Llyn Tegid is the old name for Bala Lake; it means the lake of beauty, and Bala well deserves that title. Its shores are verdant and beautifully wooded, commanding in many places magnificent distant views of the mountains which encircle it only a few miles away. Its waters teem with fish; trout up to fourteen pounds and pike twice as big have been caught there—but the flyfisher must not expect always such giants. There is salmon-fishing to be had in the Treweryn river in September.

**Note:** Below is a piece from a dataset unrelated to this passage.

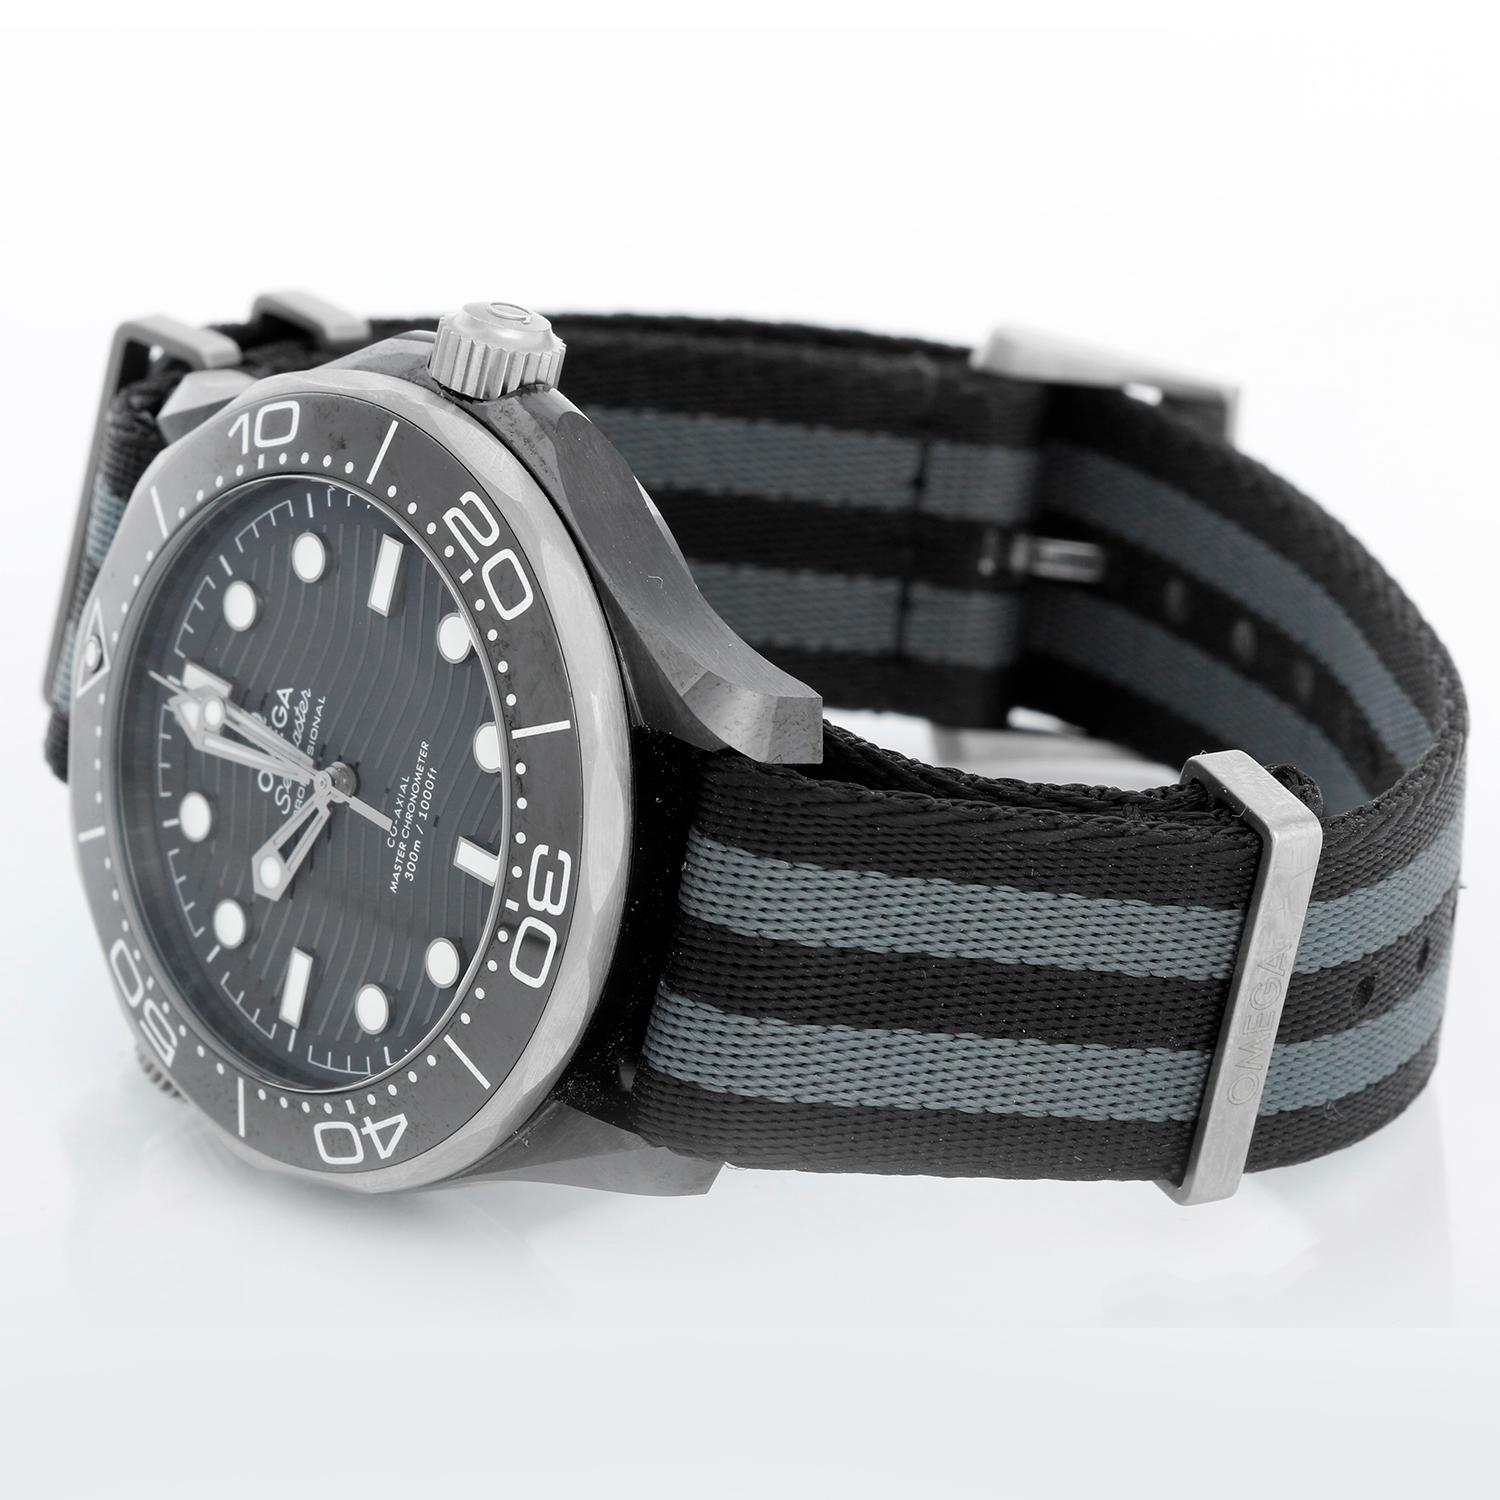 Omega Seamaster Diver 300 M Co-Axial Master Chronometer 210.92.44.20.01.002 - Automatic winding. Black Ceramic with Grade 5 Titanium Case (43mm). Black wave dial with luminous markers. Black & Grey 5-stripe Nato Strap with Omega titanium buckle.

In the neighbourhood are places of wonderful beauty. Dolgelly, nestling beneath great Cader Idris, is easily accessible, as also is that charming seaside town of Barmouth. Bwlch-y-Groes, one of the finest mountain passes in the Principality, is only ten miles away, and an easy excursion takes one across another very beautiful pass to Lake Vyrnwy, which gives to Liverpool its splendid water supply, and provides anglers with magnificent baskets of Loch Leven trout.

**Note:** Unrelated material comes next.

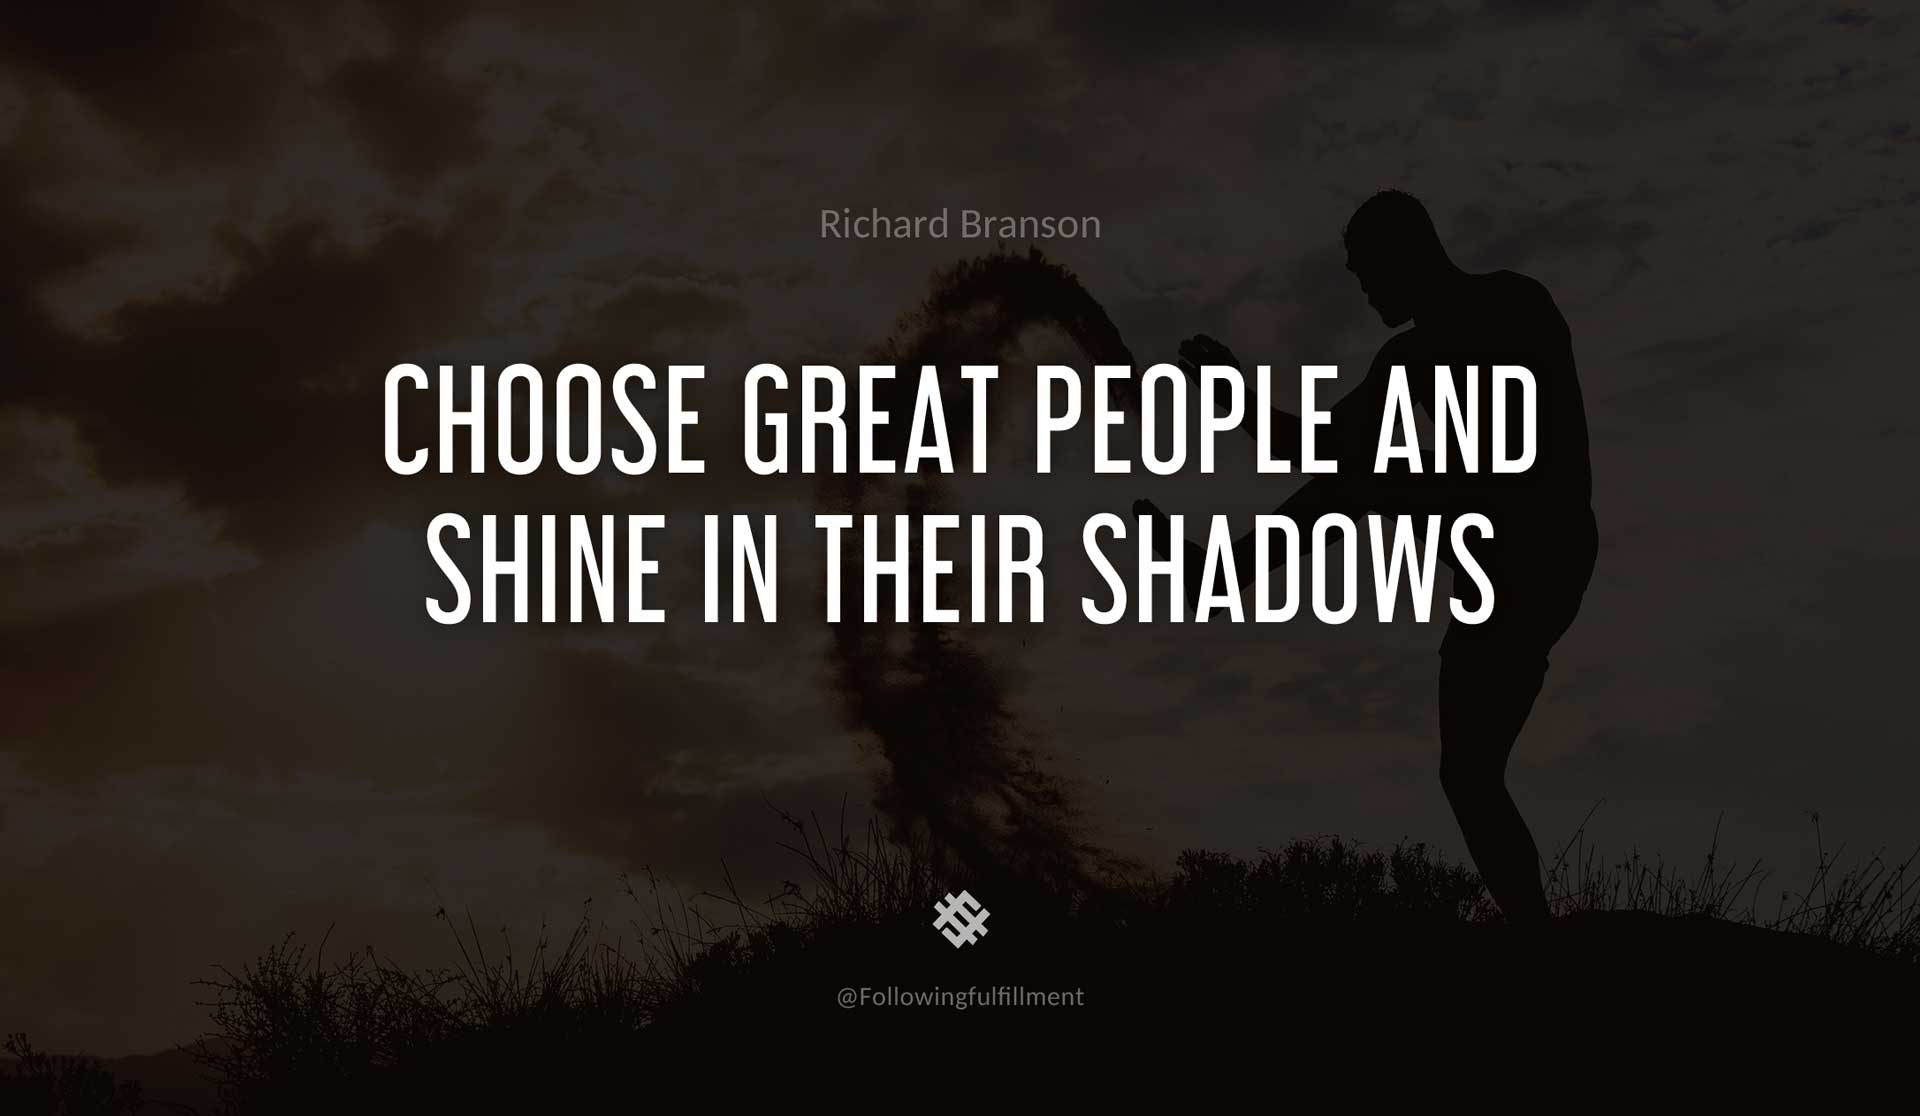 Choose-great-people-and-shine-in-their-shadows-RICHARD-BRANSON-Quote.jpg

All around is a paradise for artists and fishermen, and a country rich in mountain streams, wild woods, and wide, far views unbeaten in any part of Wales.
THE FURRY DAY SONG
The celebration of "Furry Day," on May 8th each year, at Helston, in South Cornwall, is one of the most interesting survivals of an old custom in the whole country. On "Furry Day" the whole town makes holiday. The people go first into the surrounding country to gather flowers and branches, and return about noon, when the Furry dance begins and continues until dusk; the merrymakers, hand in hand, dancing through the streets and in and out of the houses, the doors of which are kept open for the purpose.

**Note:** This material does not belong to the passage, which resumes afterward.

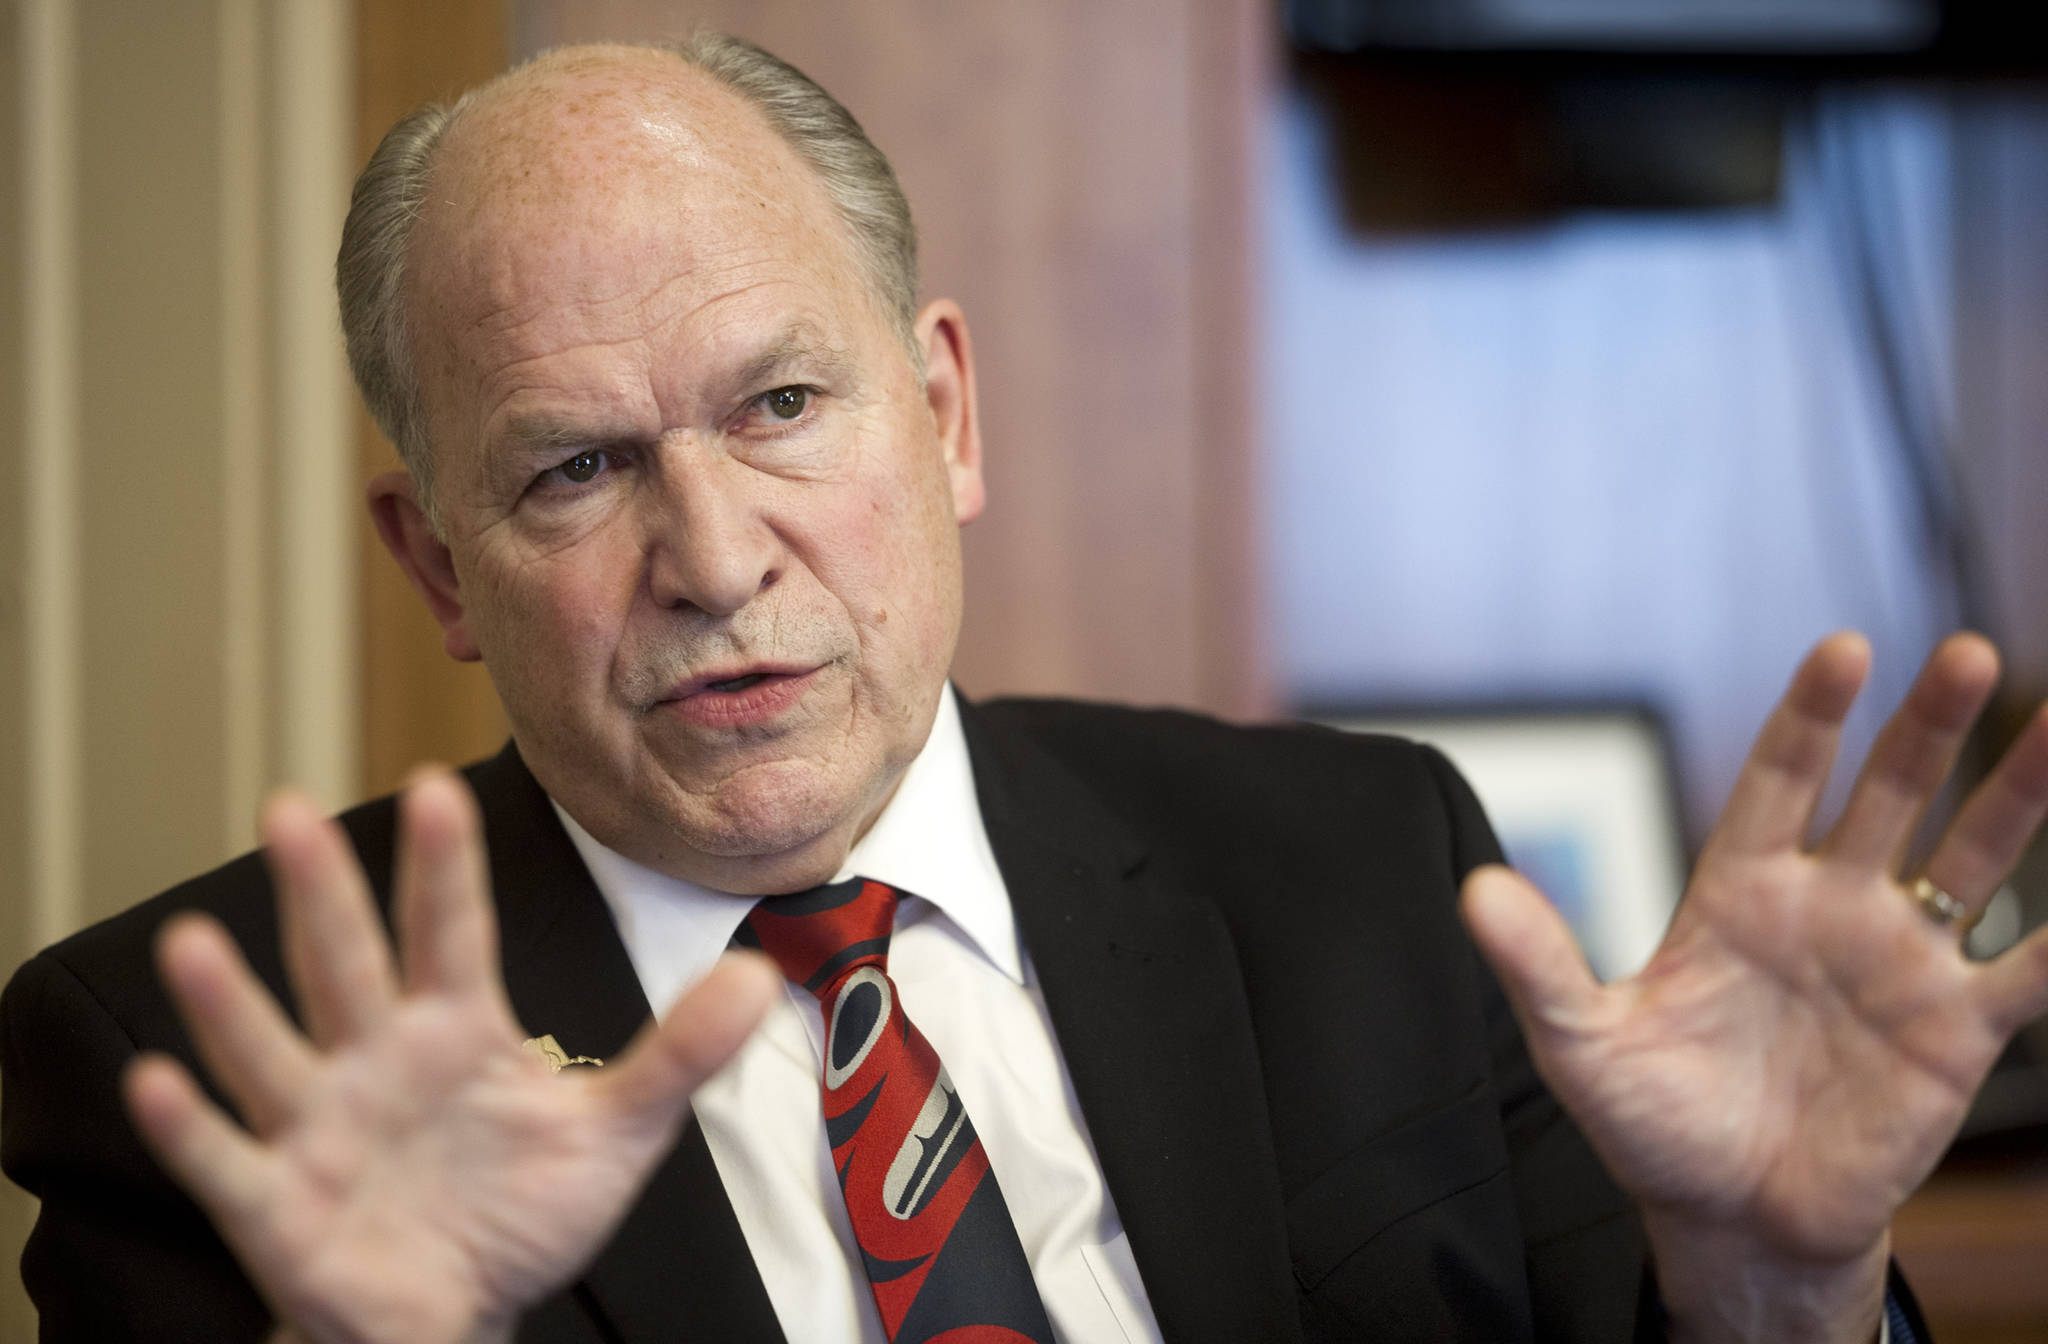 Gov. Bill Walker speaks during an interview in his Capitol office on April 13, 2016. (Michael Penn | Juneau Empire file)

The origin of the word "Furry," and of the song and dance, is lost in the ages. Some authorities hold that these celebrations are a survival of the old Roman Floralia, others that it began in celebration of a great victory gained by the Cornish over the Saxons. The words and music, as they have come down to us, show many signs of Elizabethan origin. The music reproduced here is from a very old setting and contains many crude harmonies unfamiliar at the present day.
There is one line of the song, "God bless Aunt Mary Moses," that most people will find incomprehensible. It refers to the Virgin Mary, "Aunt" being among the Cornish a term of great respect; "Moses" being a corruption of the old Cornish word "Mowes," a maid. "Mary Moses" means literally "Mary the Maid."
THE FURRY-DAY SONG
Robin Hood and little John, They both are gone to fair, O! And we will go to the merry green wood To see what they do there, O! And for to chase, O! To chase the buck and doe.
With Halantow, Rumble Ow! For we were up as soon as any day, O! And for to fetch the Summer home, The Summer and the May, O! For Summer is a-come, O! And Winter is a-gone, O!
Where are those Spaniards, That make so great a boast, O? They shall eat the grey goose feather, And we will eat the roast, O, In every land, O, The land where'er we go. With Halantow, &c.
As for Saint George, O, Saint George he was a Knight, O! Of all the Knights in Christendom, Saint Georgy is the right, O! In every land, O, The land where'er we go. With Halantow, &c.
God bless Aunt Mary Moses, And all her powers and might, O, And send us peace in merry England, Both day and night, O, And send us peace in merry England, Both now and evermore, O! With Halantow, &c.
THE FURRY-DANCE TUNE
The simple air only of "The Furry Dance" is given here. It was probably originally played by a musician on the pipe, accompanying himself on the tabor.
Remote Cornwall is still full of queer old customs and survivals of other days. Helston, the "Metropolis" of that picturesque wild district near the Lizard, forms a perfect setting for this interesting relic of the past, and an ideal centre for those who wish to enjoy the beauties and mystery of one of the most remote corners of our island.